Music is a perfect choice for this because it’s a domain in which meaning is directly derived from physics! But Weir only vaguely hints at it, and doesn’t flesh it out, or even really explain it to readers who are unfamiliar with psychoacoustics (which is almost everyone). In the book, Rocky employs fifths, octaves, and even minor seventh chords. A smart generalist might say “well this totally breaks immersion. Why on earth would Eridians know about western music theory concepts?” What Weir should have done is explain how these are built from basic physics primitives, but he never does. In my opinion, this is a huge oversight, because Weir’s entire schtick is to avoid being handwavy and ground all his claims in mathematical theory.

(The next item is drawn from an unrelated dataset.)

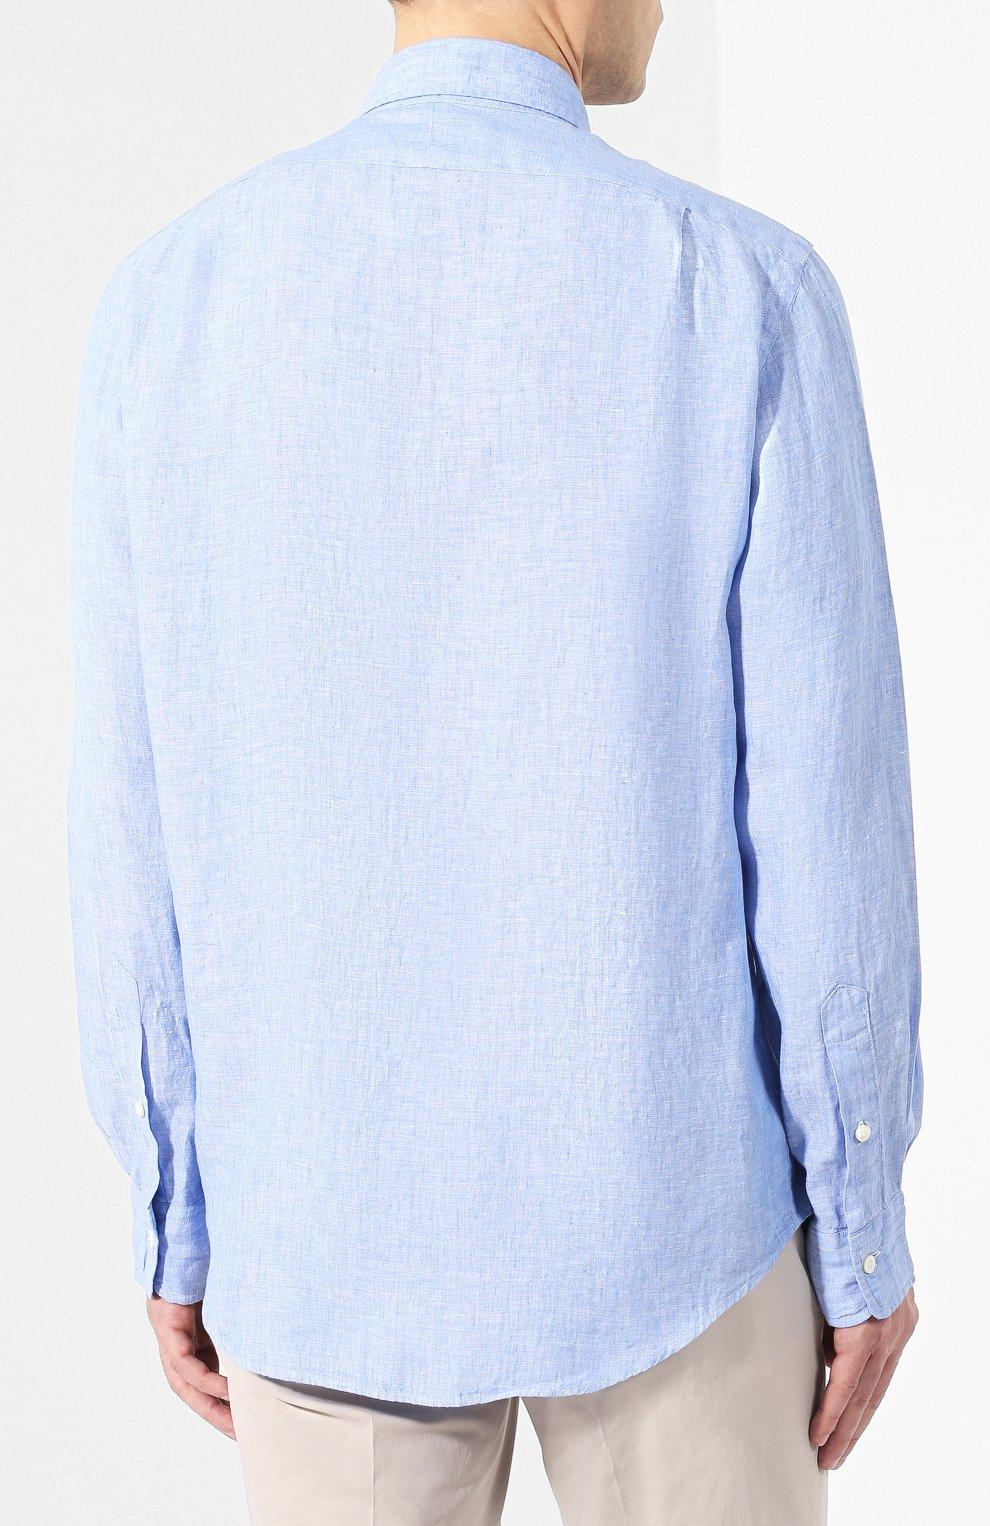 8f7ae31cf61 Мужская голубая льняная рубашка POLO RALPH LAUREN — купить за 10950 ...

The one time he sort of does this is in this passage:
My mouth hangs open.
“You’re the only person on that huge ship?!”
He’s quiet for a moment, then says, “♫♩♪♫♩♪♫ ♫♪ ♩ ♪ ♫ ♫♪♫♪♩ ♫♪♩♪ ♫♩ ♪ ♫♩♪ ♫ ♩♪♫♩♪ ♫♩♪ ♫.”
Complete nonsense. Did my kludged-together translation software fail? I check it out. No, it’s working fine. I examine the waveforms. They seem similar to the ones I’d seen before. But they’re lower. Come to think of it, that whole sentence seemed lower in pitch than anything Rocky has ever said before. I select the whole segment in the software’s recording history and bump it up an octave. The octave is a universal thing, not specific to humans. It means doubling the frequency of every note.
This is the only part of the book where Weir hints at the universality of music. He is right. Quick refresher. What we think of as pitch is just frequency. Conventionally, the A above middle C is 440 hertz. This actually means “the sound we think of as A above middle C is defined as a sound wave vibrating 440 times per second”. More vibrations equals higher pitch. When you get to low enough frequencies, you go from hearing pitch (100 Hz) to a very low buzz (80 Hz) to literally “feeling” the bass as it vibrates your chest cavity (40 Hz) to hearing distinct taps (10 Hz).
Now intervals. An 88-key piano contains a range of 27 to 4186 Hz over seven and a third octaves. Those octaves are subdivided, in western music, into 12 semitones (but you can divide them however you like). In case you can’t imagine what an octave sounds like, think of the first two notes (some…..WHERE) in Somewhere Over The Rainbow.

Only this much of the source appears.